Hide-and-seek, tag, playing school, playing house? Playtime surely is a magical and educational moment! Playing is a fertile and essential ground for the healthy development of children. It enables children to develop their creativity to its full potential.
Playing invites children to interact with their own inner universe and, also, with peers. While playing, children develop their emotional, motor, and cognitive capacities; test physical and mathematical concepts; and build knowledge. They also have the chance to relive and give new meaning to situations experienced in their daily lives.
“When children play house or play doctor, for example, they rebuild and re-signify relationships and experiences. This way, they elaborate feelings, emotions and give meaning to their experiences”, Camila Maia, be.Living’s Early Childhood Education coordinator, explains.

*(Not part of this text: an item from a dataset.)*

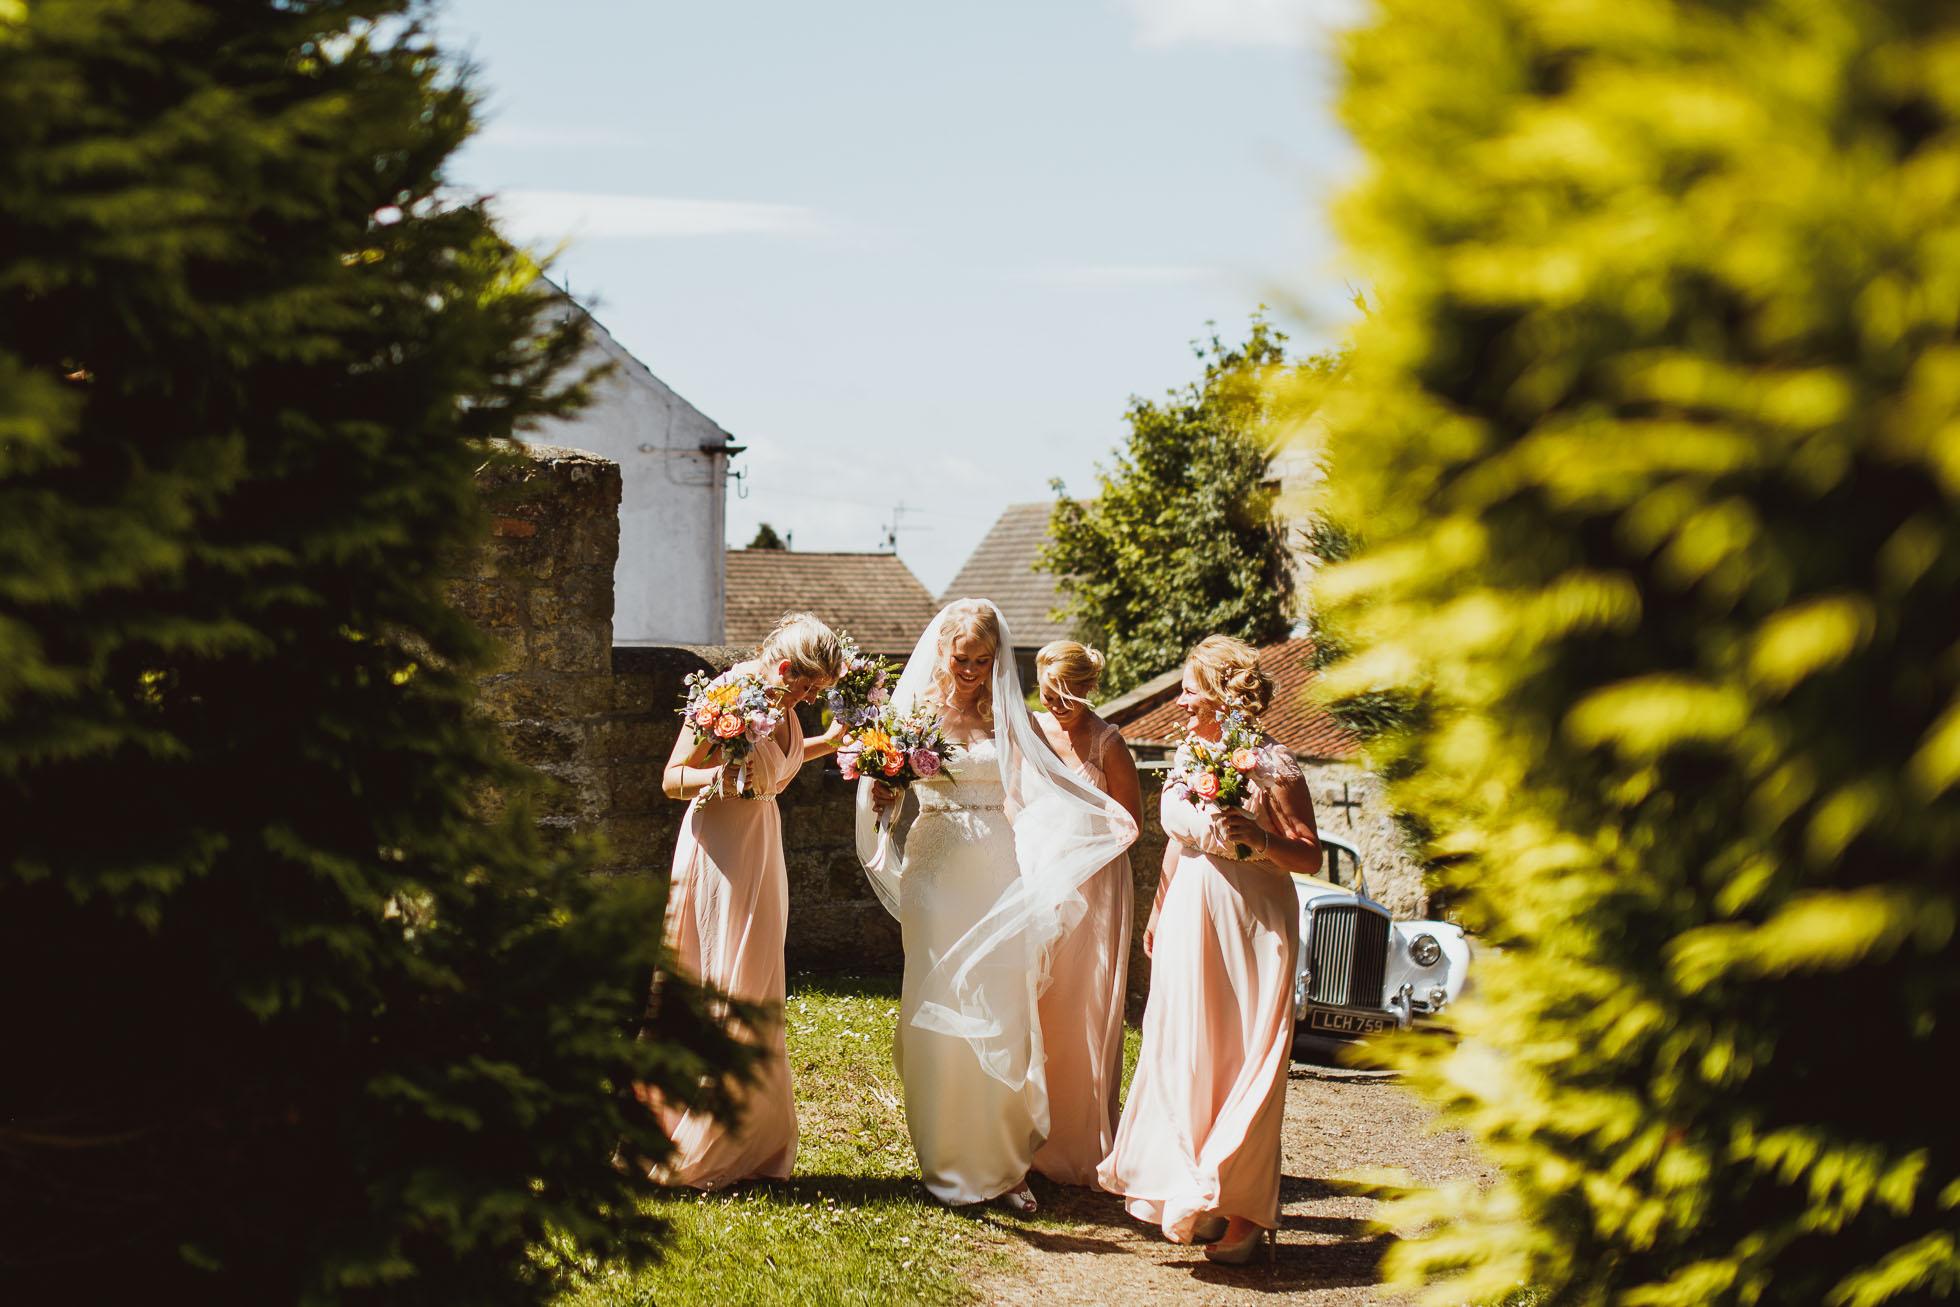 the_barn_scarborough_wedding_photographer-19.jpg

According to Camila, playtime should be free, as it opens up the gounds for endless learning. “Adults have the important role of thinking about the context in which the child plays: the organization and planning of the space, the materials arranged, the quantity of such materials, how they are displayed, the offer of non-conventional materials, that is, not only ready-made toys, such as cardboard boxes and objects that stimulate the child’s creative and imaginative development. At school, it is the teachers who will think about this organization of contexts, spaces and groups. But playtime should be free.”

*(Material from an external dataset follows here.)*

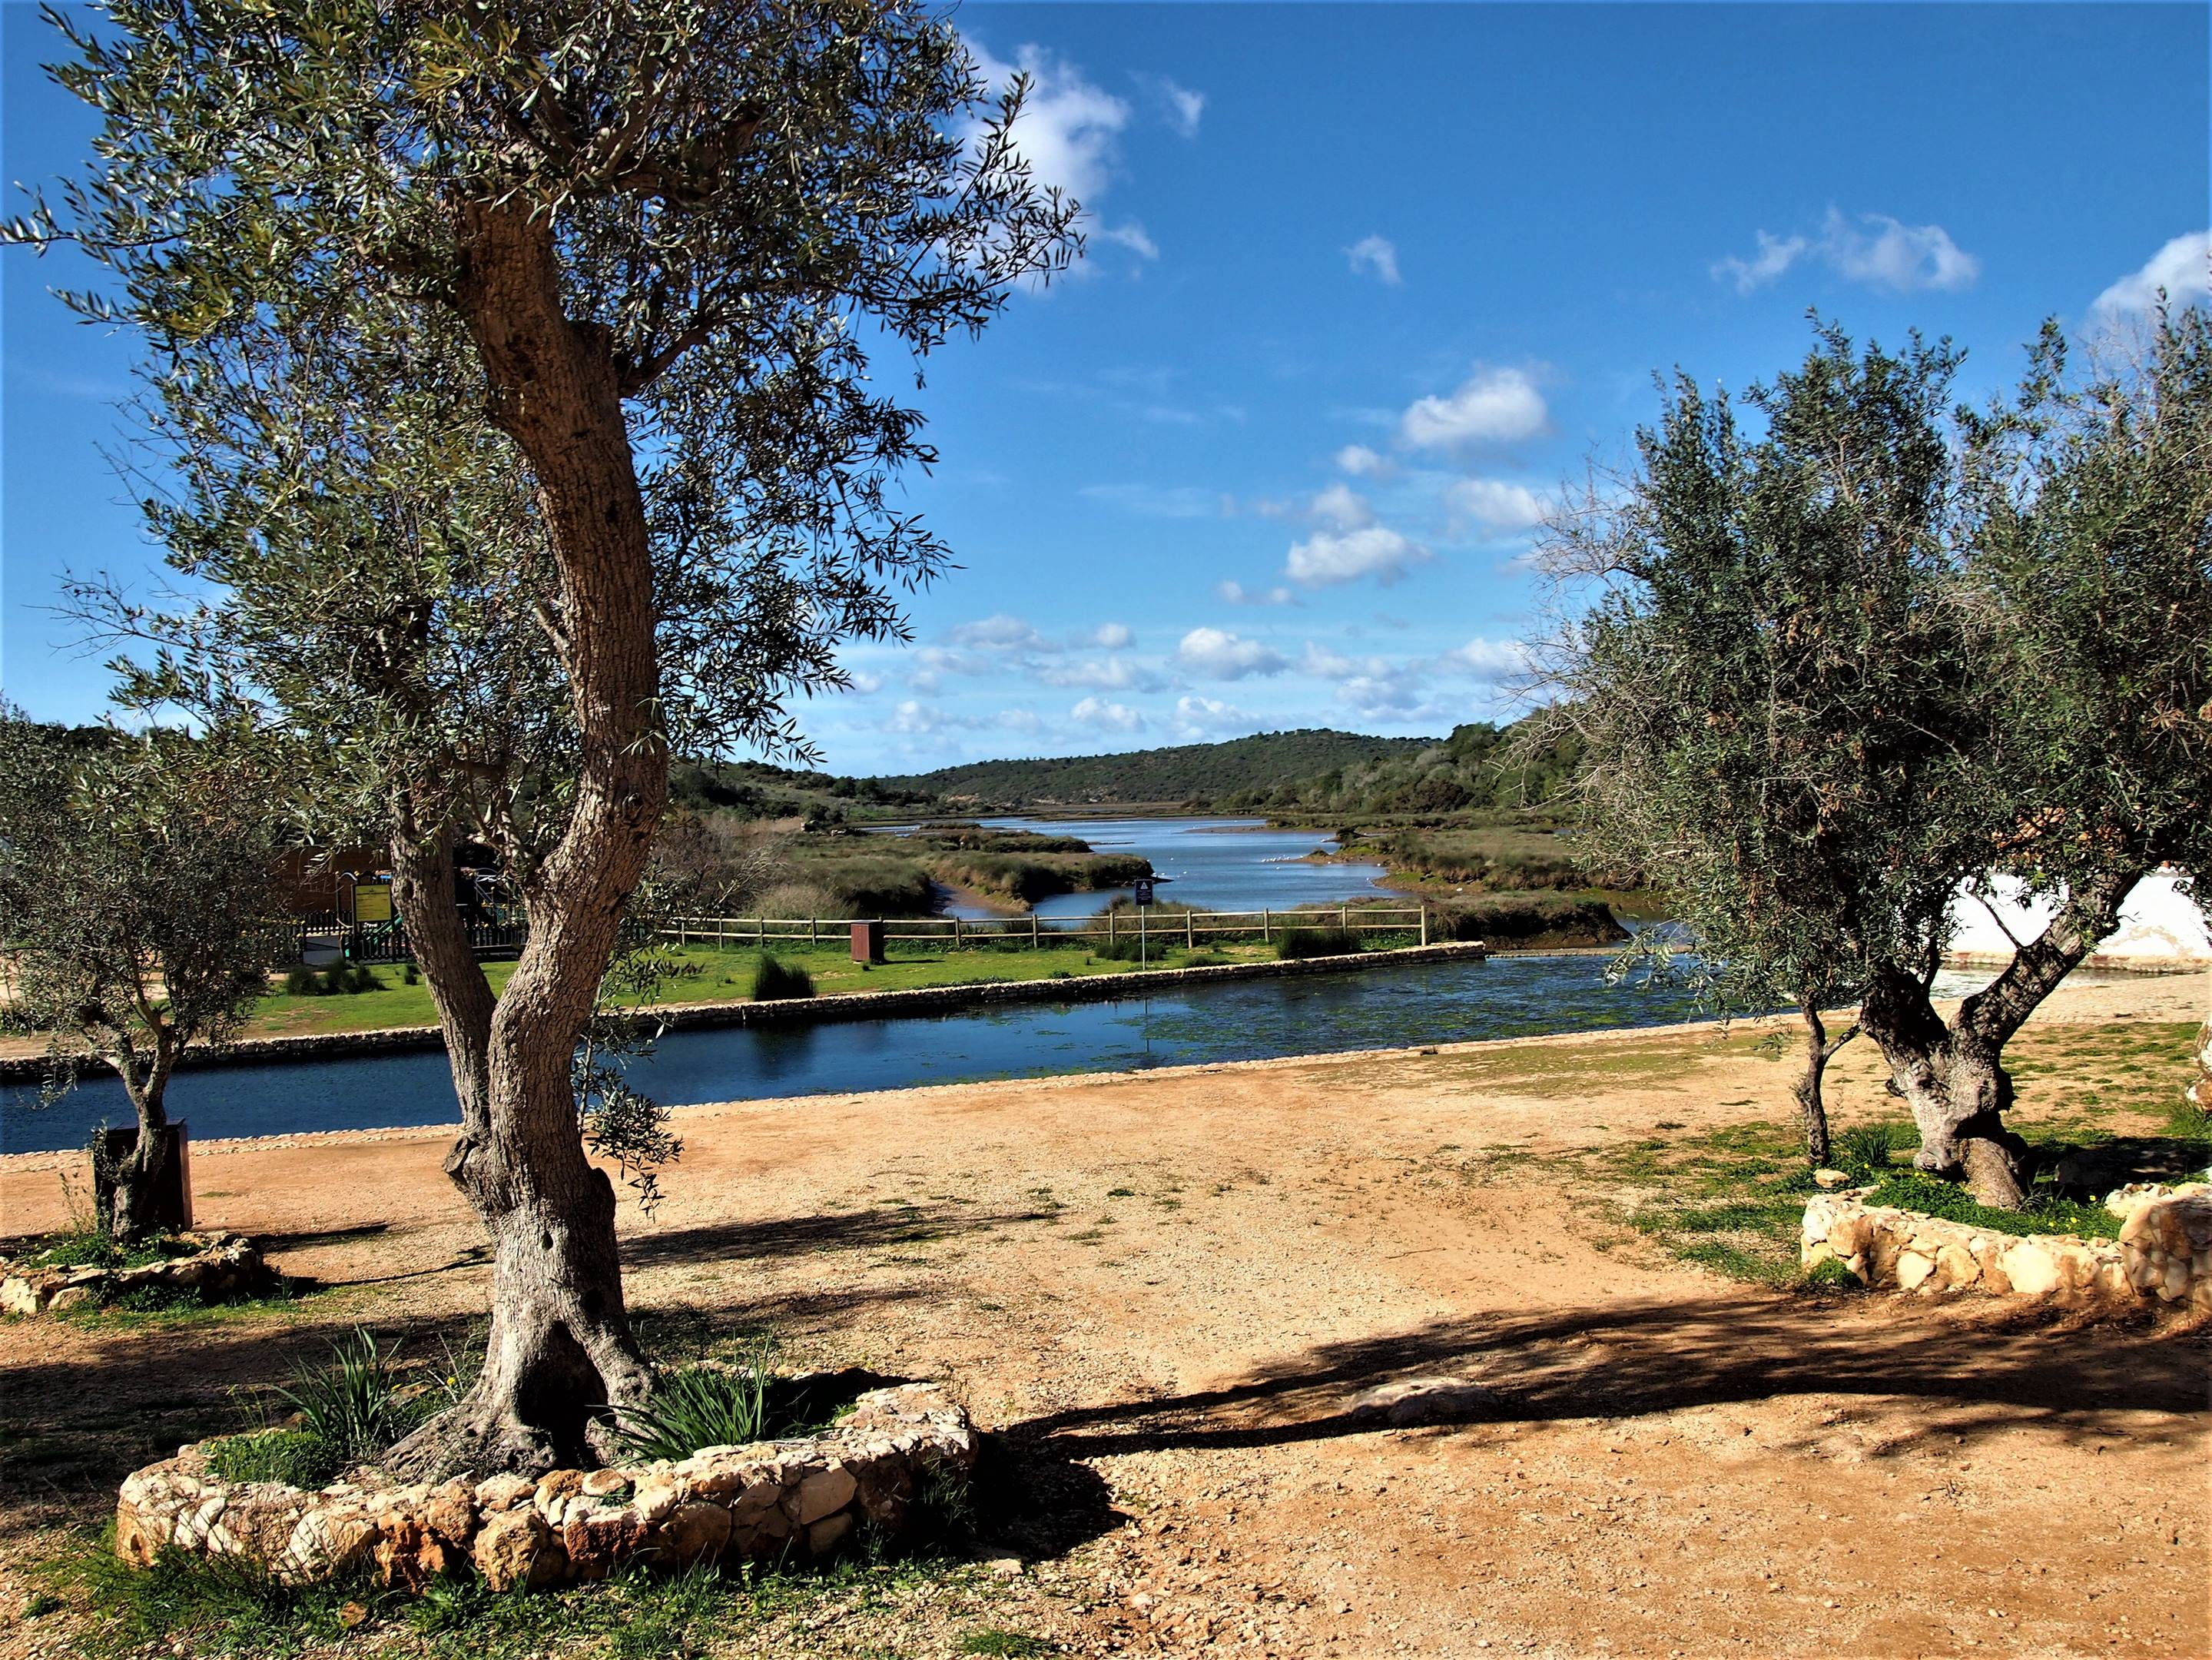 Sítio das Fontes, Estombar, Algarve

Camila explains that playing freely allows children to make choices. “It is an opportunity that children have to develop autonomy and creativity at its full potential, from their own internal storylines”.
The educator states that the way a child plays is a hint on their mental health”. We understand that playtime is when children re-signifies their experiences, elaborating their emotions and feelings, giving meaning to what is happening in their day to day lives. Playtime sheds light on how they are feeling, how they are reacting to the circumstances they are going through. The relationships established whle playing are connections that they make with their real lives. All of this must be observed. Playing is a kind of X-ray of the child. What is experienced by the children in real life is represented while they play, and should be welcomed and looked at very carefully by the adults supporting their development”.